Bold font indicates the optimal value.

Table 5.

Comparison of the overall mean position and orientation estimation error between the two methods, with the single-axis attitude angle in PULP-Frontnet set to the yaw angle.

Method	X Error (cm)	Y Error (cm)	Z Error (cm)	Yaw Error (°)	Trans Err (cm)	RTE
PULP-Frontnet [36]	86.49	61.30	276.15	88.53	303.47	50.28%
Proposed method (VideoPose5CH-based)	7.33	4.04	27.15	2.62	29.38	5.04%

Open in a new tab

Bold font indicates the optimal value.

The comparative results demonstrate that our method not only provides a clear advantage in position estimation but also exhibits stronger generalization capability and higher overall accuracy in three-axis orientation-angle estimation, thereby validating its effectiveness and superiority for diver’s 6-DoF position and orientation estimation.

4.3. Ablation Study

To evaluate the impact of the refined 2D pose output by VideoPose5CH on the performance of the diver’s 6-DoF position and orientation estimation, the 2D joint coordinates used by the PnP solver are replaced with the current-frame 2D joint coordinates produced by the 2D pose detector, rather than the refined 2D coordinates output by VideoPose5CH. Under this setting, the 2D refinement capability of VideoPose5CH is not utilized. For a fair comparison, VideoPose5CH is further replaced with the VideoPose3D model [12]. VideoPose3D is trained on the augmented Human3.6M dataset described in Section 3.2.3, and the model with the lowest validation loss is selected for inference. For clarity, this baseline is referred to as HRNet + VideoPose3D, while the original method is denoted as HRNets + VideoPose5CH.

The experimental results are summarized in Table 6 and Table 7. Table 6 compares the translation error, rotation error, RTE, and the ADD(0.5) metric of the two methods across the three scenarios. It can be observed that HRNets + VideoPose5CH consistently outperforms HRNet + VideoPose3D, which does not employ 2D pose refinement, in all scenarios and on all evaluation metrics, with a particularly pronounced performance gap in the close-range scenario. Table 7 further reports the overall mean statistics for the three scenarios, including the mean errors of each 6-DoF component, the mean translation error, the mean rotation error, and the mean RTE. The results in Table 7 indicate that HRNets + VideoPose5CH achieves superior performance across all metrics.

Table 6.

Comparison of translation error, rotation error, and ADD(0.5) between the two methods under the three scenarios in the ablation study.
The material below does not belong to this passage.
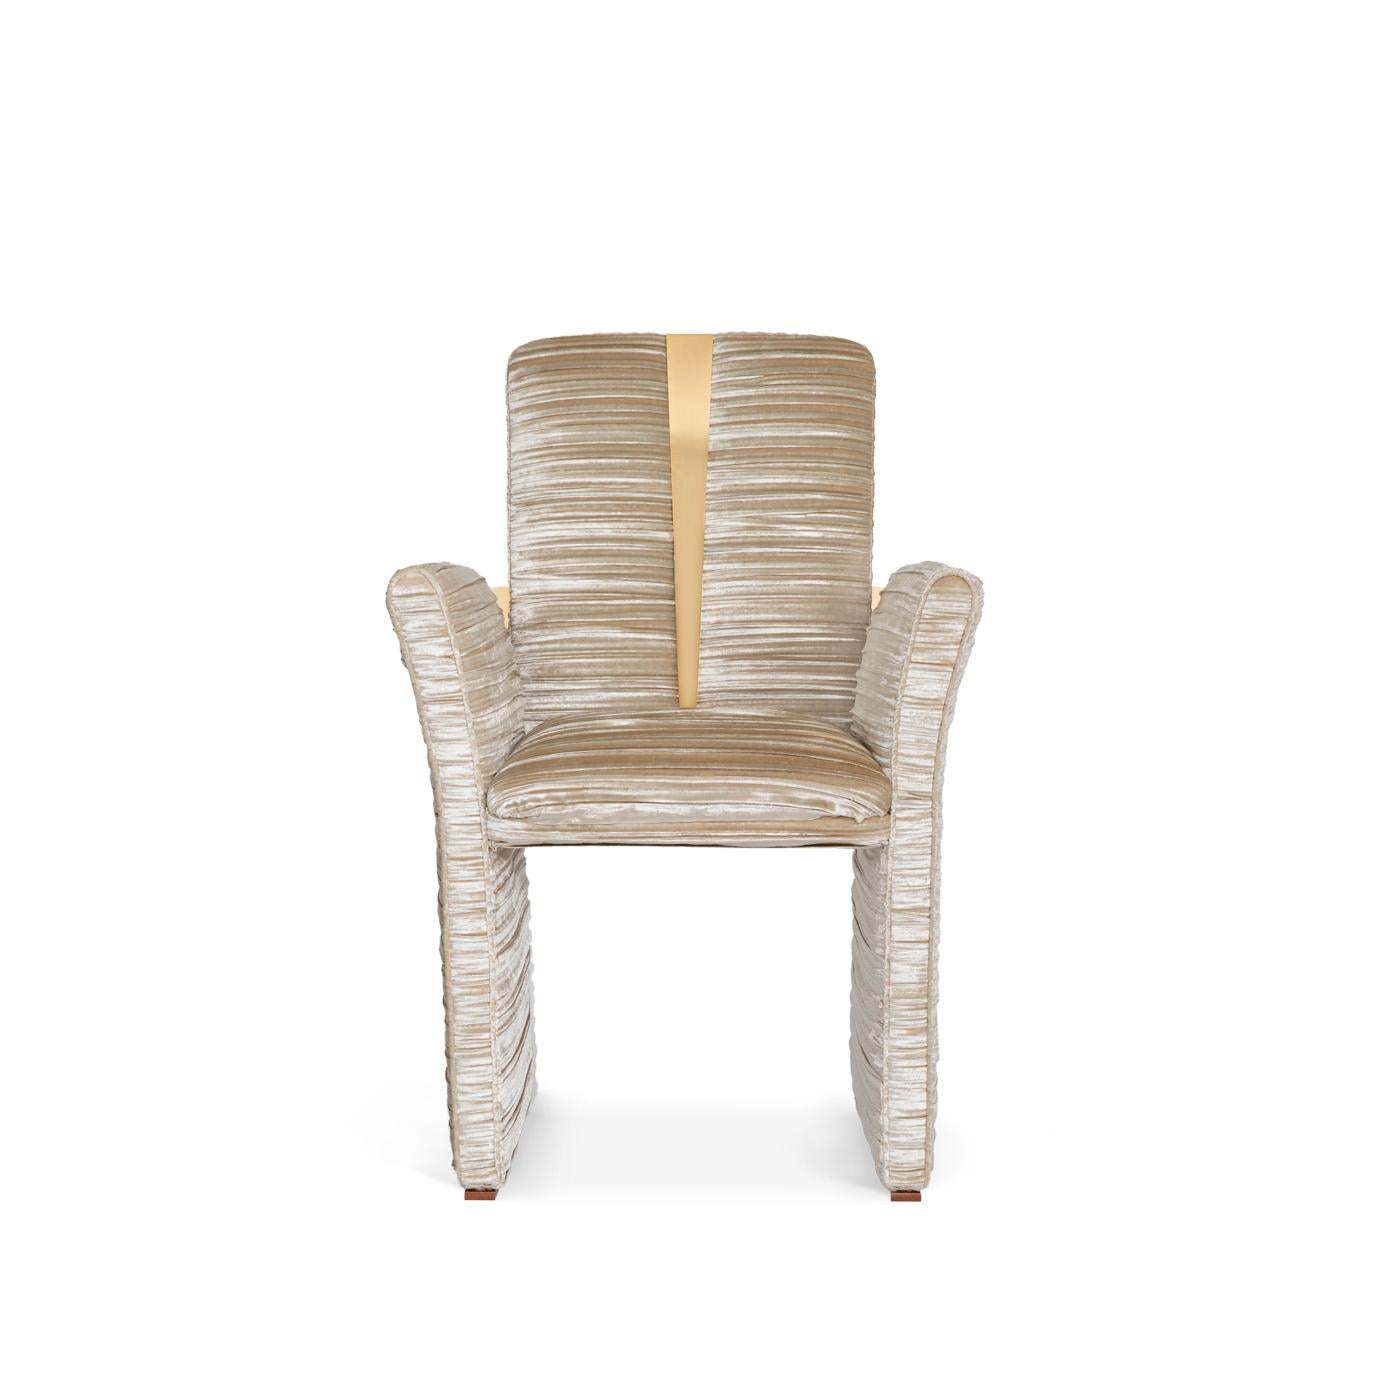 Perfectly tailored and draped as a delicate Kimono would wrap a woman, the Estelle dining chair brings statement design to any dining room. Upholster it in your favorite color to coordinate with the chair’s sleek brass details for a look that is

Method	Close Range				Medium Range				Long Range
Method	Trans Err (cm)	RTE	Orient Err (°)	ADD (0.5)	Trans Err (cm)	RTE	Orient Err (°)	ADD (0.5)	Trans Err (cm)	RTE	Orient Err (°)	ADD (0.5)
HRNet + VideoPose3D	93.18	31.11%	32.80	52.72%	41.37	8.17%	24.00	86.89%	61.71	5.90%	15.05	68.03%
HRNets + VideoPose5CH	13.84	4.46%	10.84	99.23%	31.48	6.33%	14.44	96.98%	47.37	4.41%	12.86	80.92%

Open in a new tab

Bold font indicates the optimal value.

Table 7.

Comparison of the overall mean 6-DoF error, as well as the mean translation and rotation errors aggregated over the three scenarios in the ablation study.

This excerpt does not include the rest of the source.